4. Nature wasn’t the only thing that interested David, though. As a young boy, he used to supply the university’s zoology department with newts for the low, low cost of 3d (76p) a newt.
5. Sir David has two brothers. His elder brother Richard became a famous actor, who you may have seen in Jurassic Park, while his younger brother John worked for Alfa Romeo.
6. He also has two adopted sisters, Helga and Irene, who were Jewish refugees his parents fostered during the war.
7. Sir David won a scholarship to Clare College, Cambridge in 1945, where he studied natural sciences.
8. In 1947, Sir David was called up for national service and spent two years in the Royal Navy.
9. After leaving the navy, Sir David took a job as an editor working on children’s textbooks, but he left as he found the work boring.
First job at the BBC Althouhg the BBC didn’t hire him right away (Photo by Ron Case/Keystone/Hulton Archive/Getty Images)10. In 1950, Sir David was rejected from a job at the BBC.
11. However, he was later hired to work on a fledgling new medium called ‘television’… it’ll never catch on.
12. Sir David had only seen one television programme when he was hired to work at the Beeb and, like most Brits at the time, didn’t even own a TV.
13. Sir David initially expressed interest in presenting but was told by his bosses that his big teeth made that an unlikely career path.
14. His first programme, called Coelacanth, looked at the rediscovery of the ancient fish coelacanth.
14. David’s first big break came when he produced the three-part series Animal Patterns.
15. Following that, he was asked to help produce a new show called Zoo Quest, which would follow zoos as they tracked down animals to add to their collections.
16. Sir David only got the job presenting that show, though, when the original presenter, Jack Lester, fell ill.
17. Despite loving natural history, Sir David actually refused to join the BBC Natural History Unit; instead, he started his own department, Travel and Exploration Unit, which meant he could keep making Zoo Quest.

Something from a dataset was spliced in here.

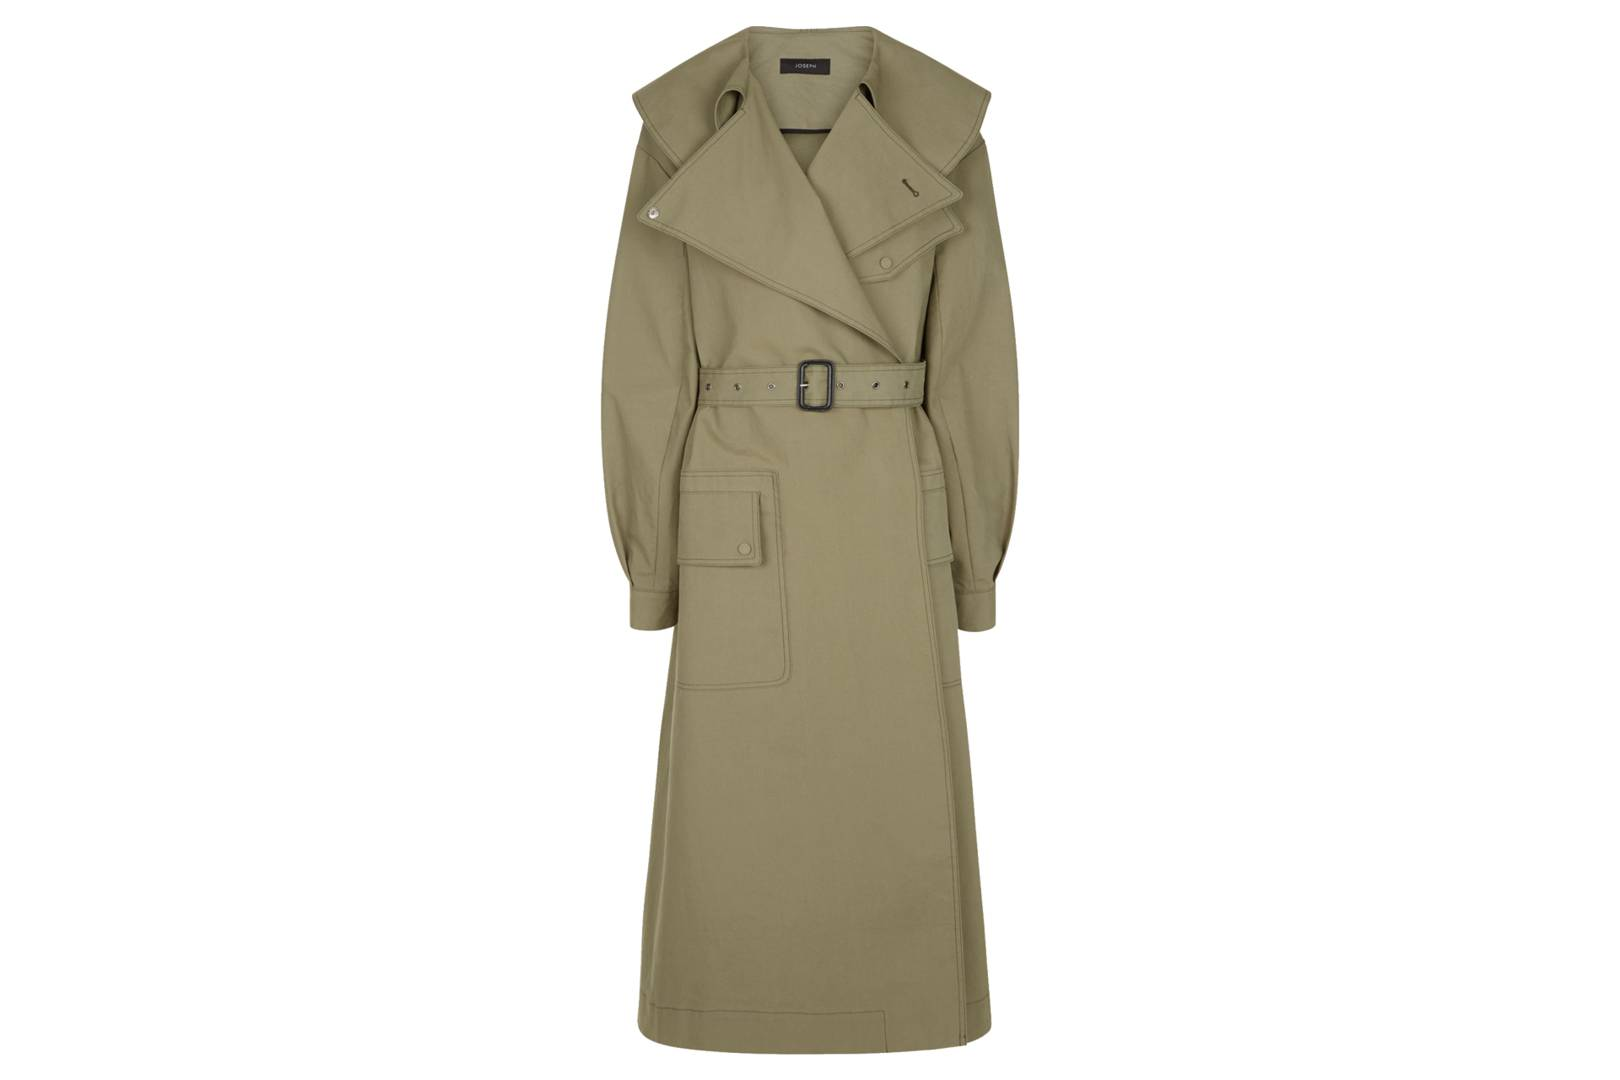 68dc770aa310 10 Best Trench Coats

18. Eventually, Sir David quit the BBC so he could get a postgraduate degree in social anthropology at the London School of Economics.
Head of BBC 2 Sir David nearly rose to become the Director General (Picture: Mirrorpix)19. Sir David never finished that degree as he was offered a job as controller of BBC Two.
20. Despite his love of animals, one of his first executive acts was to ‘kill off’ the BBC 2 mascots Hullabaloo and Custard – two cartoon kangaroos.
21. Sir David had a special clause in his contract that gave him special privileges, most notably, he was allowed to keep making documentaries.
22. Documentaries like A Blank on the Map, which saw him come face to face with a hitherto uncontacted tribe of people.
23. The same tribe was reportedly cannibalistic, but that didn’t bother Sir David, who infamously greeted them with a handshake and a ‘good afternoon’.
24. During his time as the BBC 2 controller, he greenlit some of the most famous programmes in the channel’s history, most notably Monty Python’s Flying Circus and Match of the Day.
25. He also commissioned the famous music series The Old Grey Whistle Test, but he’s apparently never watched it.
26. He also took advantage of the new invention, colour television, to put snooker on the telly. The resulting show, Pot Black, is part of the reason the show’s so popular in the UK.
27. Not content with giving the world snooker, Sir David is also the reason tennis balls are green. It was his idea to show Wimbledon in colour, and the ball had to be neon green so viewers at home could see it as it was flung around the court.
28. It wasn’t just the world of sport that Sir David worked on, though. He also commissioned the seminal documentary series Civilisation, which revolutionised the format and is widely considered one of the most important TV shows of our time.
29. While head of the BBC, Sir David refused to hire a young up-and-coming 27-year-old called Terry Wogan.
30. The BBC wanted Sir David to become the Director-General, but he refused so he could work on his true passion: documentaries
Sir David Attenborough documentary facts His true passion though, was filmmaking and nature (Picture: BBC Picture Archive)31. He always wears a blue shirt and khaki pants to help with continuity when filming months and sometimes thousands of miles apart.
32. Sir David doesn’t like to appear on camera too much because he believes his films should be carried by the animals, not the presenter.
33. Life on Earth was a mammoth undertaking. It cost an eye-watering £1 million and was filmed over three years, in hundreds of different locations all over the world by a team of 30 people with the help of 500 scientists.
34. The most challenging part of filming The Living Planet was shooting the red-breasted geese. The birds had to be hand-reared from chicks so they would follow their ‘mother’ (someone in a car) and be filmed flying alongside them.
35. The Trials of Life was the first time a killer whale had been photographed attacking and playing with the bodies of dead seals. They don’t call them ‘killer’ for fun!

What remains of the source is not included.